The authors also discouraged the use of immobilization after ankle sprains, preferring 4-6 weeks of “functional support” such as ankle braces. While some severe sprains may require immobilization, the authors recommend no more than 10 days of immobilization.

Arguably the most important aspect of LAS treatment is exercise. Unfortunately, half of the population suffering LAS do not seek medical attention [3]. Not performing appropriate rehabilitation may lead to chronic ankle instability, and predispose joint degeneration [4].

Therapeutic exercise should be quickly initiated and can expedite recovery after LAS. The authors suggested that exercise can also reduce the risk of recurrent injury and incidence of functional instability. Neuromuscular and proprioceptive exercises in particular are most effective; these include balance and stabilization exercises progressed through unstable surfaces such as balance boards and foam pads. Supervised exercise prescription leads to faster return to sport and should focus on proprioception, strength, coordination and function.

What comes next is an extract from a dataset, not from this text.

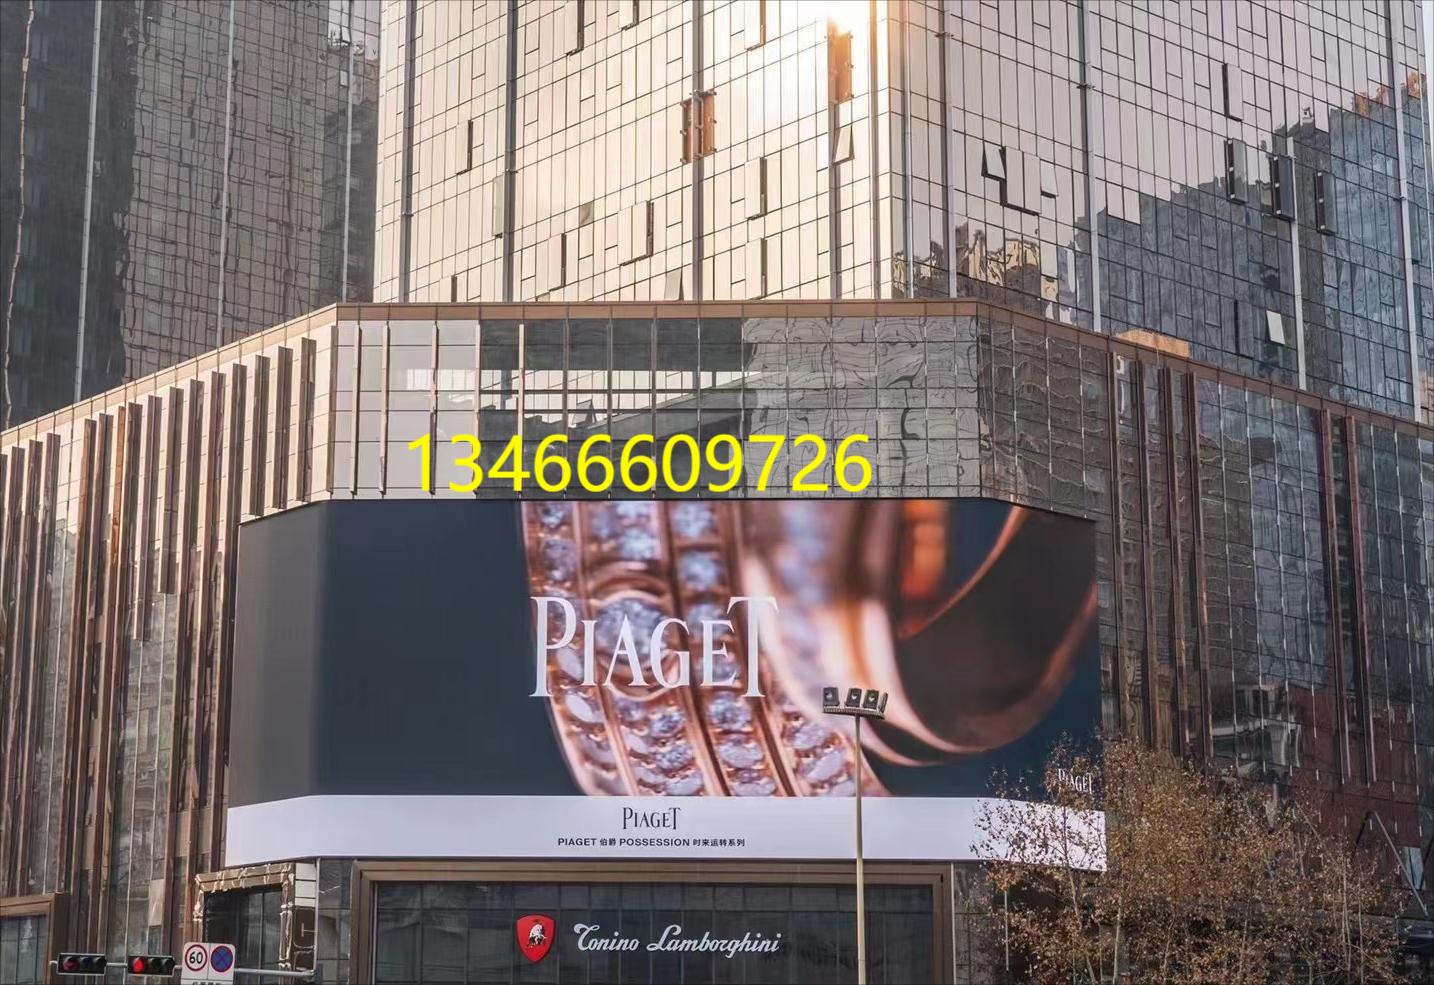 成都蘭博基尼中心裸眼3d大屏廣告

Adding manual therapy such as joint mobilization may also enhance the effects of exercise; however, based on current evidence, the authors did not recommend other modalities. They stated that exercise is preferred over surgery, noting that surgery should be reserved for athletes needing quick return or for patients who do not respond to conservative treatment.


As stated earlier, neuromuscular exercises can reduce the incidence of recurrent ankle sprains; however, evidence does not support a preventive effect of neuromuscular exercise on first-time LAS. Both ankle braces and tape (athletic tape, rigid strapping tape and kinesiology tape) have been shown to reduce the incidence of recurrent LAS. The authors recommended that the choice of bracing or taping be guided by personal preference. Furthermore, the authors noted there is no evidence that different footwear/shoe types can prevent ankle injury.

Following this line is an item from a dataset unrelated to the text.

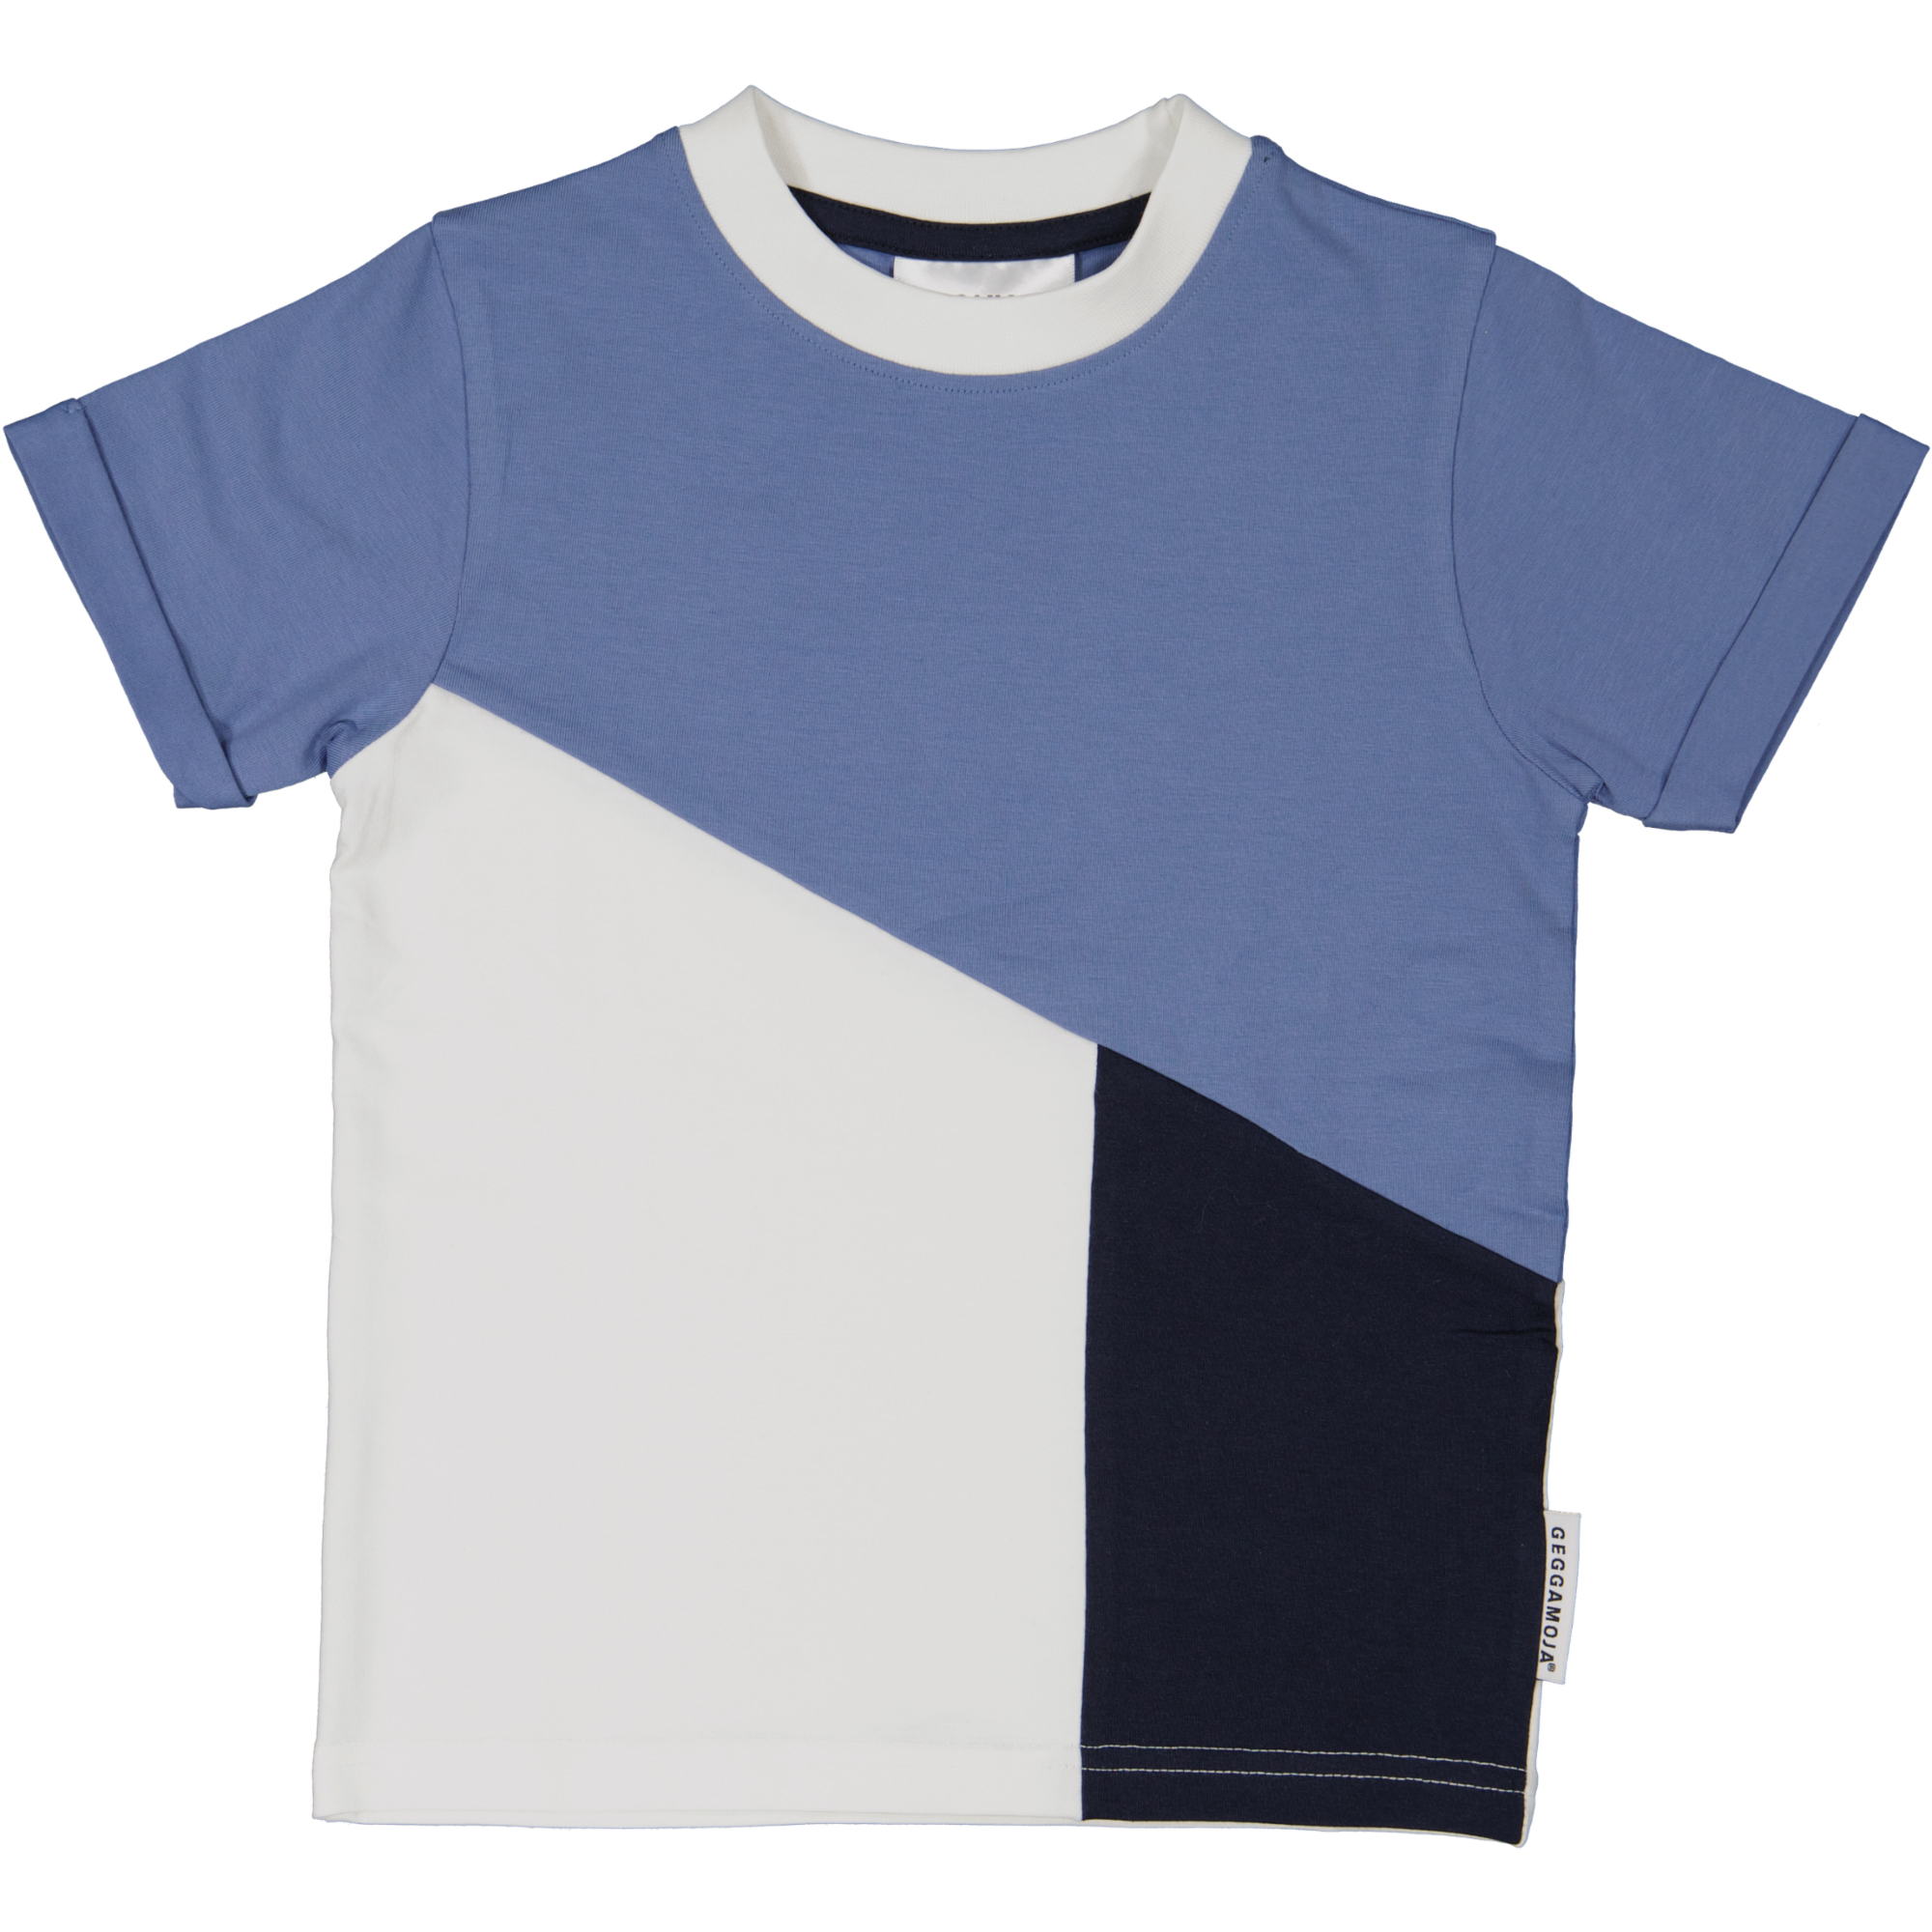 T-shirt Blå/Grå 122/128

Table 2: Best Practice Guidelines for Ankle Sprain Treatment



  • Evidence remains inconclusive and should be used only as part of a multi-modal approach


  • May be used for pain and swelling, but be aware of side effects


  • Ankle brace recommended 4-6 weeks rather than immobilization.
  • Bracing or Taping can be recommended for return to sport based on personal preference.
  • No recommendation for specific footwear after injury


  • Proprioceptive and neuromuscular exercises should be initiated as soon as possible (Balance & Stabilization exercises). Focus on balance and ROM deficits.
  • Exercise is preferred over surgery.
  • Facilitate return to sport with proprioception, strength, coordination and functional exercise.


  • Combining manual therapy with exercise enhances treatment


  • Currently, no evidence supports other treatment modalities
  1. Vuurberg G, et al. Diagnosis, treatment and prevention of ankle sprains: update of an evidence-based clinical guideline. Br J Sports Med. 2018 Aug;52(15):956.
  2. Bachmann LM, et al. Accuracy of Ottawa ankle rules to exclude fractures of the ankle and mid-foot: systematic review. BMJ. 2003 Feb 22;326(7386):417.
  3. Verhagen EA et al. The effect of preventive measures on the incidence of ankle sprains. Clin J Sport Med. 2000 Oct;10(4):291-6.
  4. Pihlajamäki H, et al. Surgical versus functional treatment for acute ruptures of the lateral ligament complex of the ankle in young men: a randomized controlled trial. J Bone Joint Surg Am. 2010 Oct 20;92(14):2367-74.